# Exercise description
Retype, word for word, every line from the one holding "An illustration showing" through the one holding "I love the beautiful" in the entries below, both included, and only those lines.

# Given entries
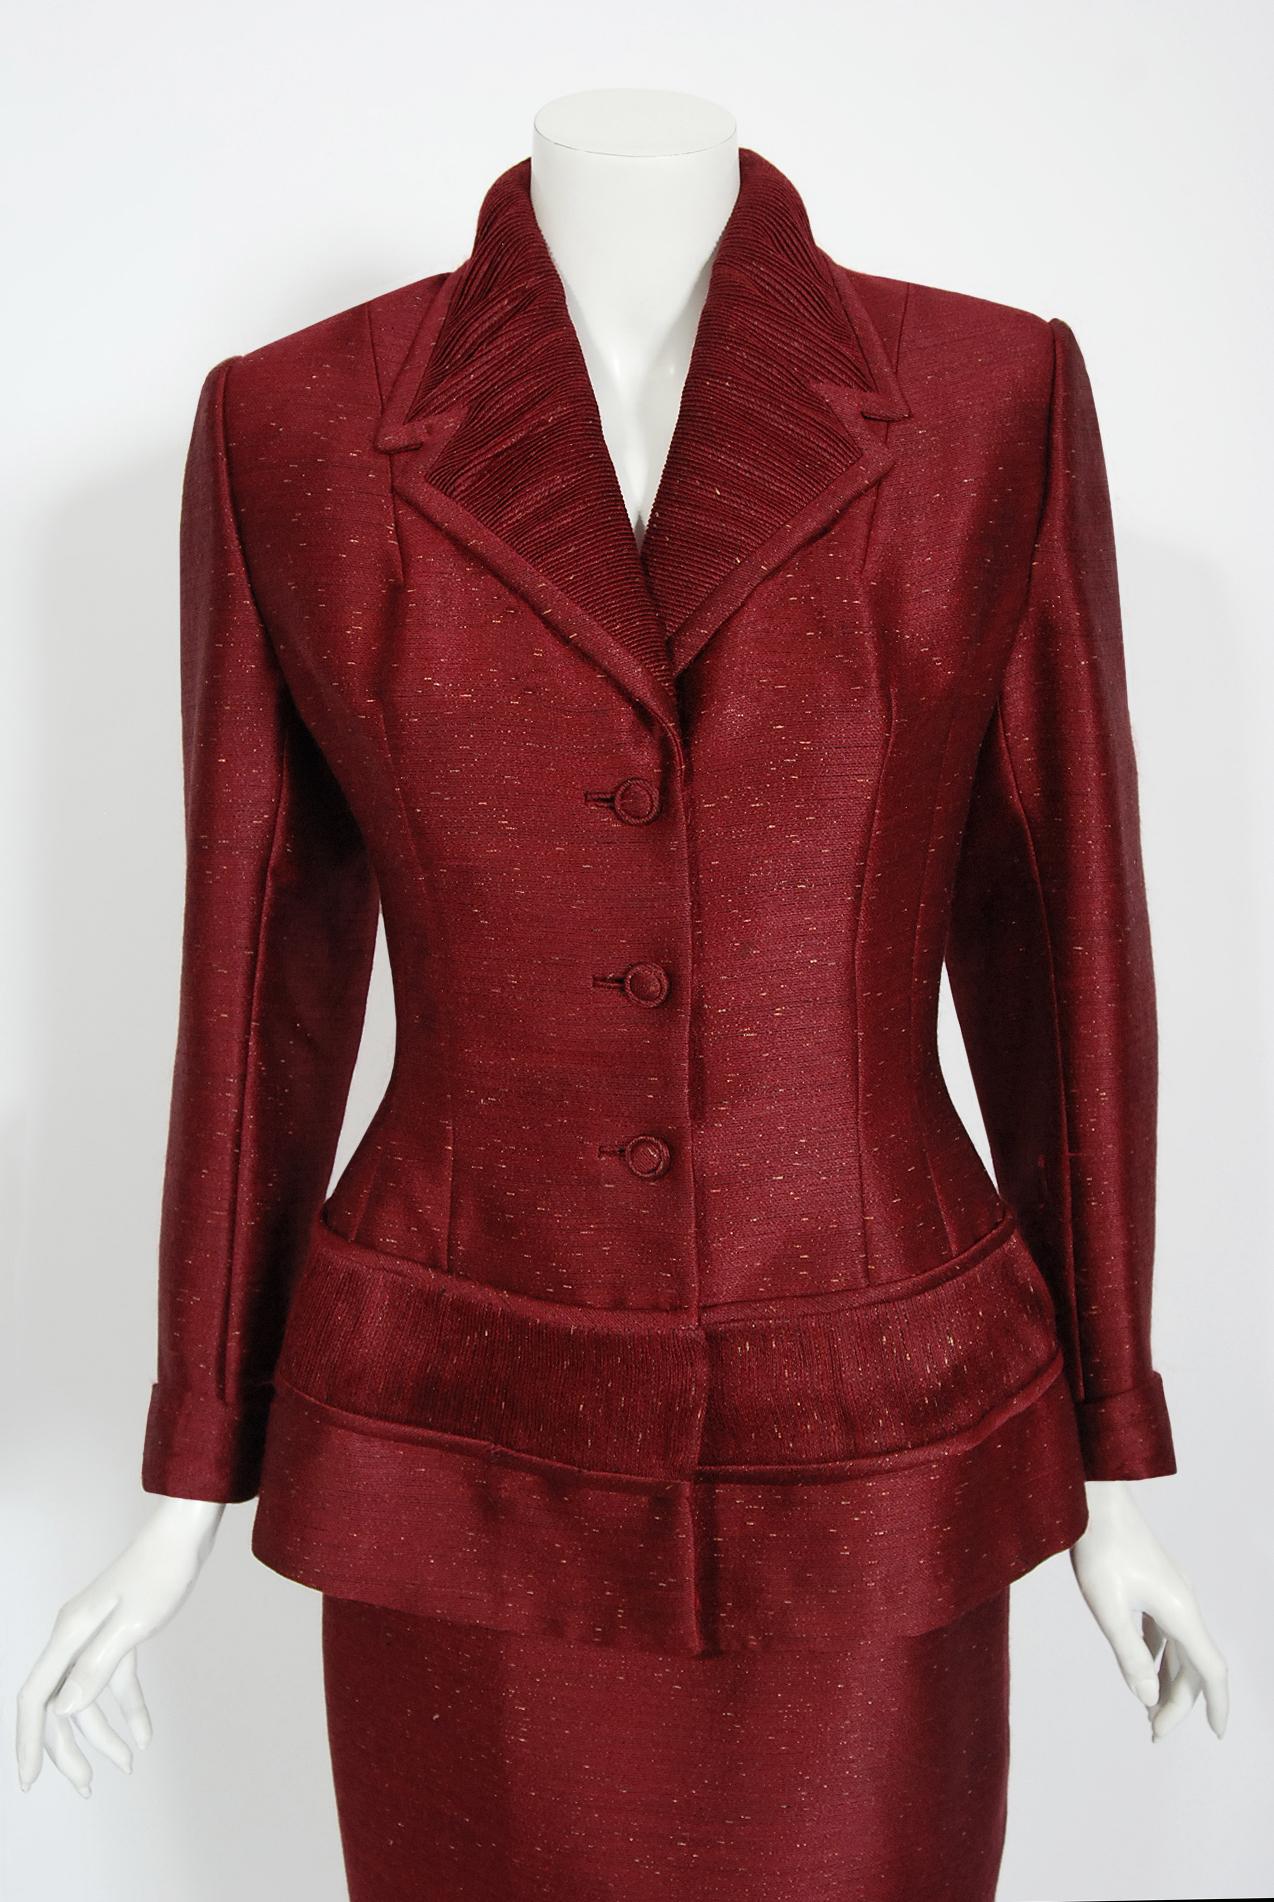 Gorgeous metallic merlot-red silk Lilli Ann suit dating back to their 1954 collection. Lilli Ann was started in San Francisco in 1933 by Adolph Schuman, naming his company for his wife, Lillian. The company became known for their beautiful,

==

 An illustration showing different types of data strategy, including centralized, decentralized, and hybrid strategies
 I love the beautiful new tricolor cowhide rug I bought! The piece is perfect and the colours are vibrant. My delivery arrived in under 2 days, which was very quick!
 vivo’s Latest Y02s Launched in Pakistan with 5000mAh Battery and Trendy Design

---

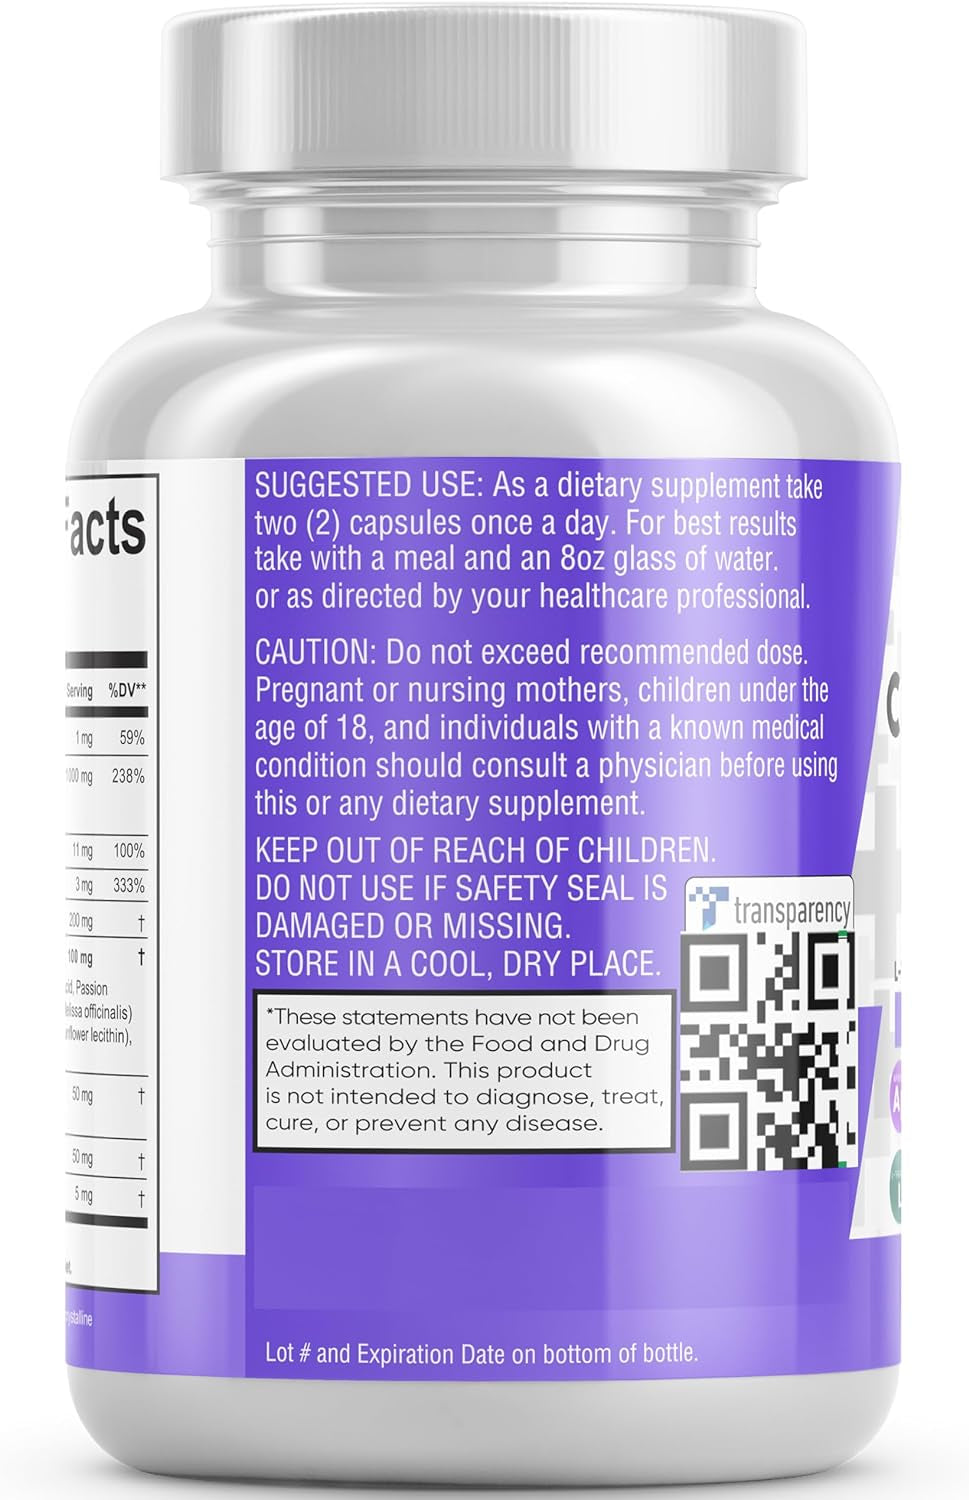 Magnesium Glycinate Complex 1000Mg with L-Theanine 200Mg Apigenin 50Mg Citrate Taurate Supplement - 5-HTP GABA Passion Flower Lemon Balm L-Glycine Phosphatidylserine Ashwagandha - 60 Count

# Task response
 An illustration showing different types of data strategy, including centralized, decentralized, and hybrid strategies
 I love the beautiful new tricolor cowhide rug I bought! The piece is perfect and the colours are vibrant. My delivery arrived in under 2 days, which was very quick!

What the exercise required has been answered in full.